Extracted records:
────
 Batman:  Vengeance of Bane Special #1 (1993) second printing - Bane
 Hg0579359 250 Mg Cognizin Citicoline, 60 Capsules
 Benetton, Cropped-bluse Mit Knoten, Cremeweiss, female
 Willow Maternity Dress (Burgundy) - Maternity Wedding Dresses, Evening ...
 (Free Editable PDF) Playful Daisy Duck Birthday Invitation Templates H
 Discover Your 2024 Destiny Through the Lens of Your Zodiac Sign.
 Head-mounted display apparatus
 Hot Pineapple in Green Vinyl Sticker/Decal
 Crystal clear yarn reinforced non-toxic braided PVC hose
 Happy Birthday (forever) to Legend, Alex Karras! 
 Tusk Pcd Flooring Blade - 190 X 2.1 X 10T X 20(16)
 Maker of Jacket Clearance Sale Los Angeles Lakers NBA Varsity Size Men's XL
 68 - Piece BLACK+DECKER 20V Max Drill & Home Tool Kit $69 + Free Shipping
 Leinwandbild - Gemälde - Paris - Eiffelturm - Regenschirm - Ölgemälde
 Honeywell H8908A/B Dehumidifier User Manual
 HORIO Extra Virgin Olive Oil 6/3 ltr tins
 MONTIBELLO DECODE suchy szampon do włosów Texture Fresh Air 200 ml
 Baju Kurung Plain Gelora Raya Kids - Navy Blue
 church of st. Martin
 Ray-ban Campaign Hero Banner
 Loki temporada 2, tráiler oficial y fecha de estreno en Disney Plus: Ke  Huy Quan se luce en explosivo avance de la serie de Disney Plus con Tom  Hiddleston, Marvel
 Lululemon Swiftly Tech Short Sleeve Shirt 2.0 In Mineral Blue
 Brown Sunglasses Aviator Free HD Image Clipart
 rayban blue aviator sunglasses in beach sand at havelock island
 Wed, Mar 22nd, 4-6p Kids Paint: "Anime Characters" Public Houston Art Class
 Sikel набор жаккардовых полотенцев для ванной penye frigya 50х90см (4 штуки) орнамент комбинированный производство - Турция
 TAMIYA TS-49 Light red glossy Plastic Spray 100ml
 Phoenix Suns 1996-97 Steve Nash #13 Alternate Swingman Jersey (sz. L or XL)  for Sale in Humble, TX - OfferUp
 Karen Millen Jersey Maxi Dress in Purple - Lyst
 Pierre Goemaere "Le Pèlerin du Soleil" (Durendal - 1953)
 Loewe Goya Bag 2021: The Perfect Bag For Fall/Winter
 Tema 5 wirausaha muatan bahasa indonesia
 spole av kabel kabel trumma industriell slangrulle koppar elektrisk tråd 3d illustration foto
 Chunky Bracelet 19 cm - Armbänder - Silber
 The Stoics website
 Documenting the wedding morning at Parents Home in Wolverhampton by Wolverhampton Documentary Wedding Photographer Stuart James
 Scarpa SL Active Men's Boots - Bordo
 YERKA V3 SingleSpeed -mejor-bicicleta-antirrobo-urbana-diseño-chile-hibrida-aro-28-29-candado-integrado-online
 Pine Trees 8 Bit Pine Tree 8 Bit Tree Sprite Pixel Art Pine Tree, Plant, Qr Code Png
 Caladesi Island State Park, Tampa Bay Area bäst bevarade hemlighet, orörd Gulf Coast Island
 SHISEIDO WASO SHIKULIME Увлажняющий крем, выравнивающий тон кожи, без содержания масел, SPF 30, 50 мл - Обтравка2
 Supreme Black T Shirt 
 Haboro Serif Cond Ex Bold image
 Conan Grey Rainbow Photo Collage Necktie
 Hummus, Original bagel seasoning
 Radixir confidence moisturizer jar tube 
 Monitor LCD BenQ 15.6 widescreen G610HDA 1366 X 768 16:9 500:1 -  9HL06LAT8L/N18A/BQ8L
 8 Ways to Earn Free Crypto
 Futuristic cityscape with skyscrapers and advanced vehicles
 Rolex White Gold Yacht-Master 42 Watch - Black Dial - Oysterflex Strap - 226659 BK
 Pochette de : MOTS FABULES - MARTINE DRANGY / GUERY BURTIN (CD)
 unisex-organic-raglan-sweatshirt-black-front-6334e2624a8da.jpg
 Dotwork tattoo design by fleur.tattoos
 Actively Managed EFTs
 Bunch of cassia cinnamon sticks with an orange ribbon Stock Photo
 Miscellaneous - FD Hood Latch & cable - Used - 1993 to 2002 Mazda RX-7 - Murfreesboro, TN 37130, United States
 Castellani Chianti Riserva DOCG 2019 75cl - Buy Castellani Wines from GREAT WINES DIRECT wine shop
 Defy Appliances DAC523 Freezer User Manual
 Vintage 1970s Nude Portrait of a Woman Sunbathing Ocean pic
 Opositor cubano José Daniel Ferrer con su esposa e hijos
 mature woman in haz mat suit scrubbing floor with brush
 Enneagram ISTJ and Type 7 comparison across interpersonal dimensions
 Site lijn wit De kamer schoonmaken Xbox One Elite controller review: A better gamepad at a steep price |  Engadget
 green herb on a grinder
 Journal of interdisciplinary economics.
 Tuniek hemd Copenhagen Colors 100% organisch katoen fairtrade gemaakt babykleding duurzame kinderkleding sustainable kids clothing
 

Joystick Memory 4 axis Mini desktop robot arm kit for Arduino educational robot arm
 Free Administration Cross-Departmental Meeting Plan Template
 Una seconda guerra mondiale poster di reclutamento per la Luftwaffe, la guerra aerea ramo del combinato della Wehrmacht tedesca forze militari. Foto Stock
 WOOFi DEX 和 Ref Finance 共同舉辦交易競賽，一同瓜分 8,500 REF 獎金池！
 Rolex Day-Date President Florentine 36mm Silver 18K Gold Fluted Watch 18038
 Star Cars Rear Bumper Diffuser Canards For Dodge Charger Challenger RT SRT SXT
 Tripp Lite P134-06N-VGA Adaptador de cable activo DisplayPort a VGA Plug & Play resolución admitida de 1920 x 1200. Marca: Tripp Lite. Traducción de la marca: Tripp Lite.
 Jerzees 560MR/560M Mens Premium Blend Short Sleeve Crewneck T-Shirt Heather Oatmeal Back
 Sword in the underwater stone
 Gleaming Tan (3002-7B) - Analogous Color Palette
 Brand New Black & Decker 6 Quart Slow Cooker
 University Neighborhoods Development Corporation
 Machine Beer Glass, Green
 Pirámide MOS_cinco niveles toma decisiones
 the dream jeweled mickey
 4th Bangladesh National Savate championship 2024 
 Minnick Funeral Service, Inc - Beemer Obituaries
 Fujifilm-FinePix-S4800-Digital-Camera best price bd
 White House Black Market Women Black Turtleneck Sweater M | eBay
────
*Aim of the exercise*.
Could you retype exactly the lines above, starting at the line that contains "spole av kabel" and ending at the line that contains "Pine Trees 8", and nothing more?

*Task answer*.
 spole av kabel kabel trumma industriell slangrulle koppar elektrisk tråd 3d illustration foto
 Chunky Bracelet 19 cm - Armbänder - Silber
 The Stoics website
 Documenting the wedding morning at Parents Home in Wolverhampton by Wolverhampton Documentary Wedding Photographer Stuart James
 Scarpa SL Active Men's Boots - Bordo
 YERKA V3 SingleSpeed -mejor-bicicleta-antirrobo-urbana-diseño-chile-hibrida-aro-28-29-candado-integrado-online
 Pine Trees 8 Bit Pine Tree 8 Bit Tree Sprite Pixel Art Pine Tree, Plant, Qr Code Png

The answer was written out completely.